Here are a few tricks I’ve picked up along my kitchen-witchery journey:
• When frying meat, use tongs and always add the meat to the pan by laying it away from you. This prevents the oil from splashing and burning you.
• Do not prep and cook at the same time. Finish your prep before adding anything to a frying pan or sticking anything in the oven.
• 4 tbsps is equal to ¼ cup. So when something calls for 1/8 of a cup, it means 2 tbsps. No one has 1/8th cups.
• If a recipe calls for buttermilk but you’re all out, add 1 tbsp of lemon juice or white vinegar to a cup of milk and let it sit for about 15 minutes. Boom, you have buttermilk.

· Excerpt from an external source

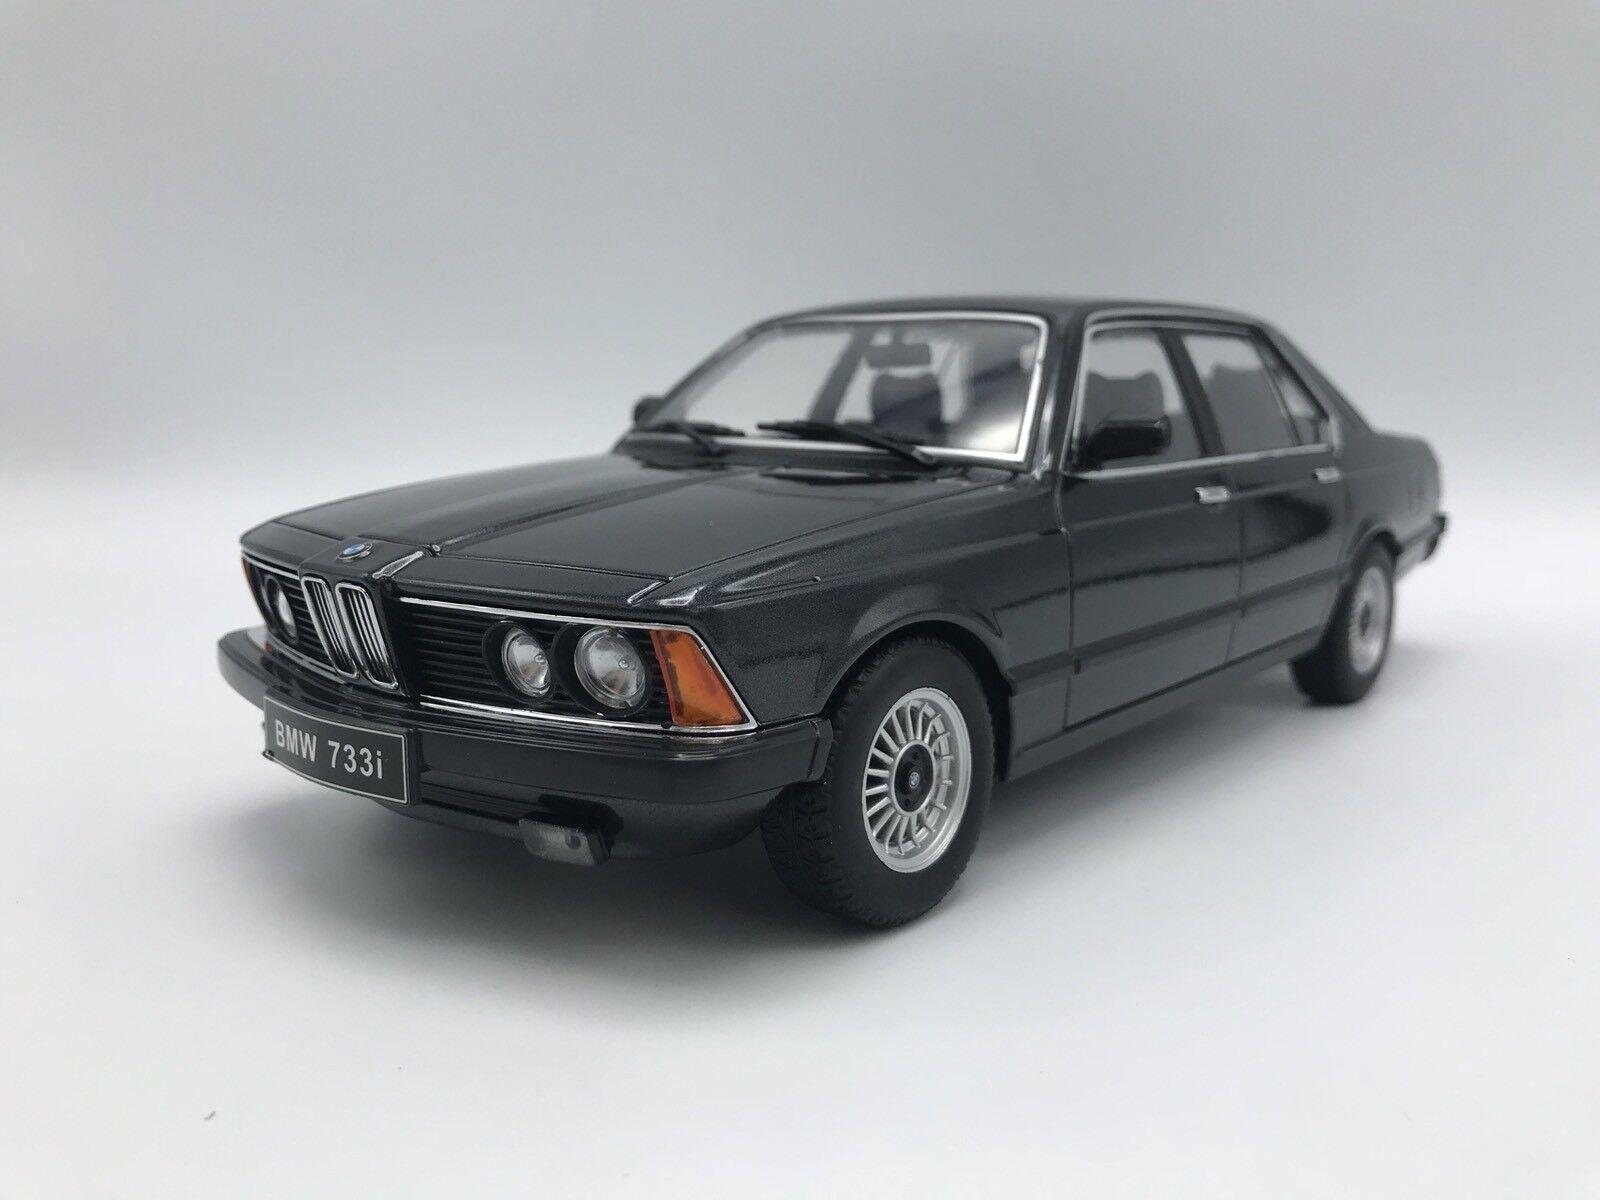 BMW 733i (E23) 1977 - metallic-black - 1 18 KK-Scale

• Burned the bottom of your pan? No worries, I do it all the time too! To get those stubborn bits off, add water to the pan and boil it once more on the stovetop. This loosens up the grime so you can scrape it off!
• Keep brownies, cookies, and cakes moist by storing them with a slice of bread. The treat will remain decadent while the bread will harden and crust up.
• Speaking of crusty/stale bread, if you want the best french toast, leave your bread out overnight. Stale bread soaks up more egg/custard and will result in richer, Fuller pieces of french toast.
• Before frosting your goodies, stick your frosting spoon/utensil in the fridge. Colder utensils make for better frosting-spreaders.
• To prevent your cakes from cracking or rising unevenly in the oven, place a dish of water on the rack below. The extra moisture helps cakes cook evenly.
• Eat and use veggies and fruits that are in-season!
• Buy local produce when you can.
• Always work with sharp knives and always slice away from yourself. Dull knives and cuts are no good.
• Lean cuts of meat like pork tenderloin and chicken breasts toughen up when cooked in the oven, on the stovetop, or on the grill. To keep some of the moisture, wrap them in foil or add a sauce to the pan.
• Your measurements don’t have to be perfect! It’s okay to spill a little flour here and there!
• If you screw up a recipe don’t get discouraged! Cooking and baking are trial and error. Both skills come with time and part of the fun is making a few mistakes along the way!
• Intent is important. It doesn’t always matter what magical ingredients you’ve added to the dishes, sometimes intent and reason for making are the strongest most powerful forces you can garner during the process.
• Everyone has different tastes! Some people may not like what you make, others may enjoy it whole-heartedly. Don’t get discouraged if a few people shy away from your food!
That’s it for now! I’m sure I have many more to share, but until then, keep cooking!